Constructing Solutions

Green building advotes talk trashca

(Jan. 25, 2007)  Making a building is a loud undertaking. Drills whine and hammers strike up an odd beat, quickening at the end of each sequence to drive the nails flush. Compressors kick, their motors changing pitch. The low light of a gray day is just enough to illuminate the dust. Finishing time at the emerging store - the new Eureka Natural Foods building on Broadway - calls for lifts to lengthen the reach of men installing large lighting fixtures. The final touches of many hands brush over the building.

Across the room, a forklift is prepared to lower another load from upstairs. Intermittently, near posts and walls, bags of trash, or not, aren’t very full. The can for lunchtime trash is obvious, with to-go cups spilling over. Afraid to look up or down I only barely trust the professionals to see me safely through this danger zone. Carefully, I navigate my path through the room’s center to avoid any tools, scraps or sharp objects over my head.

Organic House Construction’s Paul Bias at work on a new home. Photo by Cynthia Gilmer.
GALLERY >

I came to scavenge the trash, to uncover how the output flows from this new construction site. Looking around, a pile of wood on a pallet is the centerpiece of the empty floor. At this site, Pacific Builders uses a bag and pile system. For small debris, clear bags hold recycling and black bags are for garbage. In the lot, piles of concrete, wood and steel await recycling. Inside the fence, alongside the superintendent’s trailer, building supplies are scattered into piles.

“Things are pretty well-maintained, recycling wise,” says job superintendent Chris Carlotti of Pacific Builders. “It’s an ongoing process to keep everyone up to speed.” He’s down for it, though. He thinks it’s great that their scraps find a home instead of going to a landfill.

His assistant, Darl Miller, says, “When it first started it was hard, but now we know.”

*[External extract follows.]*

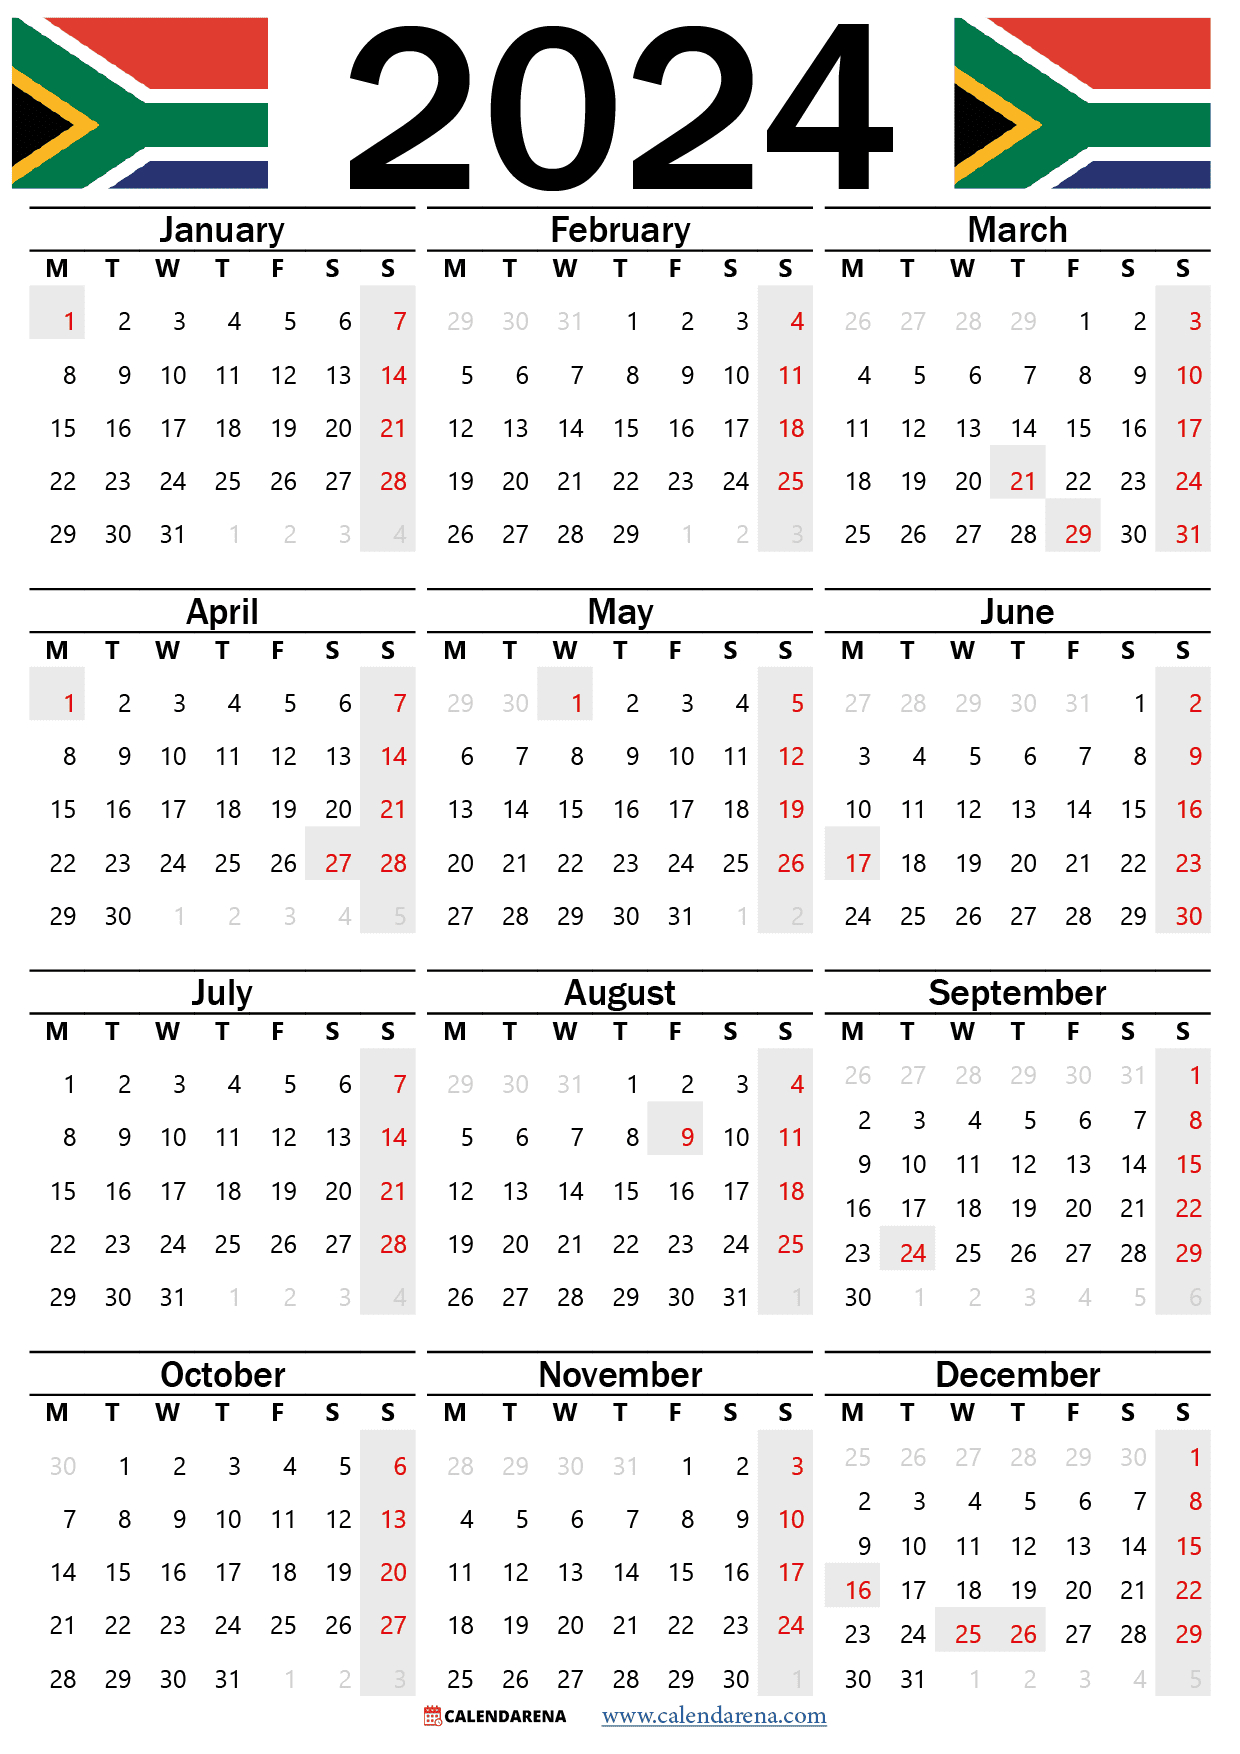 South Africa 2023 Calendar With Holidays Printable | Printable Calendar 2024 With Holidays South Africa

Construction workers aren’t famous for recycling. The only “green” they are typically after is their paycheck. But the trend is shifting nationally. Some local industry professionals figured that out, and the paychecks are fattening up, too.

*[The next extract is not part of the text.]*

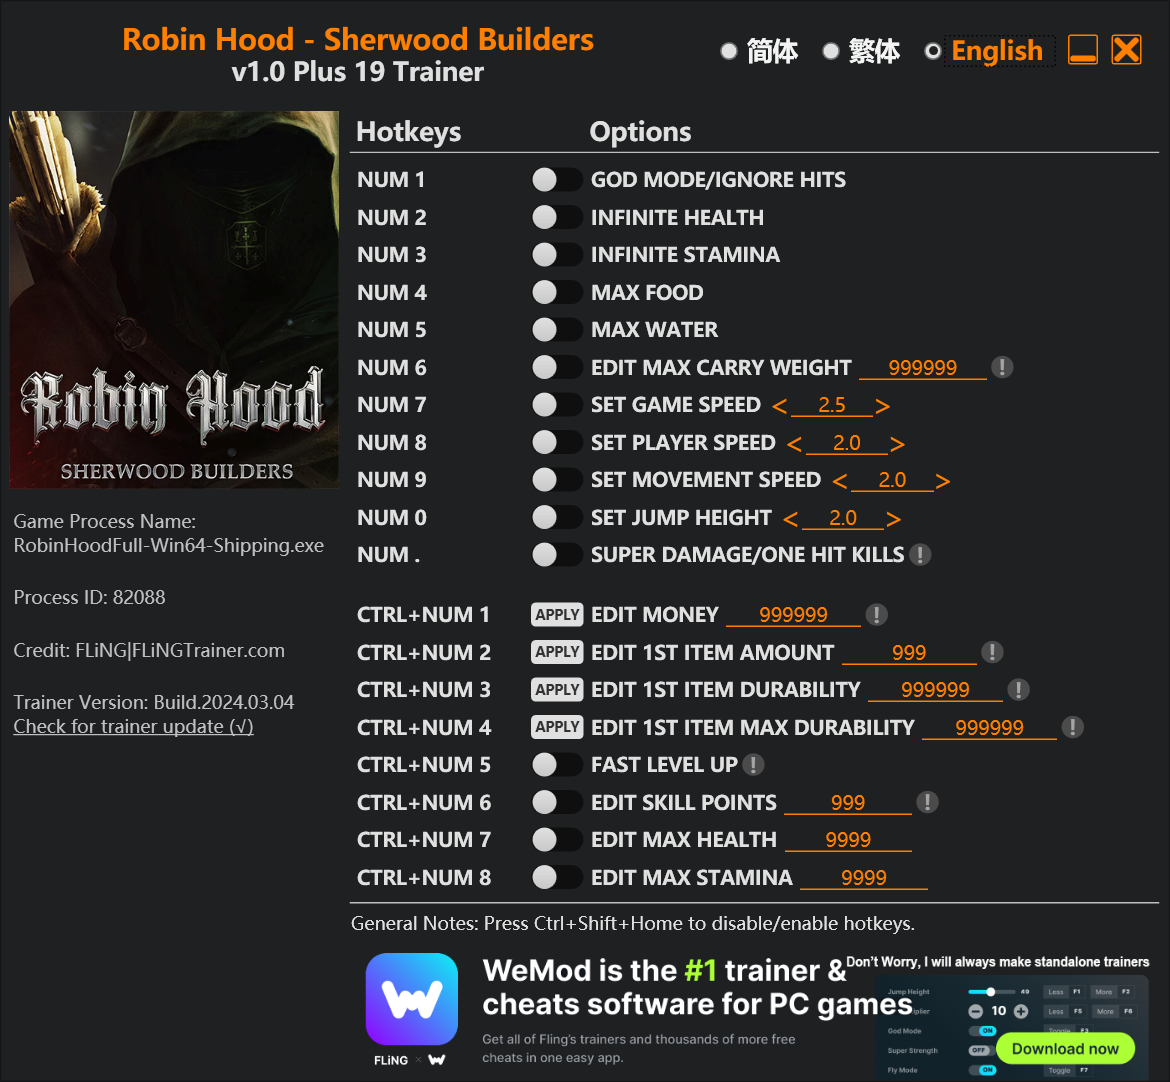 Robin Hood - Sherwood Builders Trainer/Cheat

This recycling effort is part of a larger movement. Green building is a new buzz word in the industry, but soon will become a standard. In 1989, the state of California passed the Integrated Waste Management Act (Assembly Bill 939). This legislation required all jurisdictions to divert half of their solid waste by the year 2000. Arcata made its numbers in 2003, but Eureka lags with a 35 percent diversion rate. We’re doing all right locally, but the California Integrated Waste Management Board recently targeted construction and demolition waste as a portion of the waste stream that needs attention. They want municipalities to have a program.

Construction and demolition waste accounts for nearly a quarter of the waste stream. Steve Salzman, a project manager with the Eureka engineering firm Winzler & Kelly, says that 2.8 pounds of construction and demolition waste is produced per person every day. Louise Jeffery, project manager for the Humboldt County Waste Management Authority, estimates that there is a little over 100,000 tons of construction and demolition debris produced in the county annually.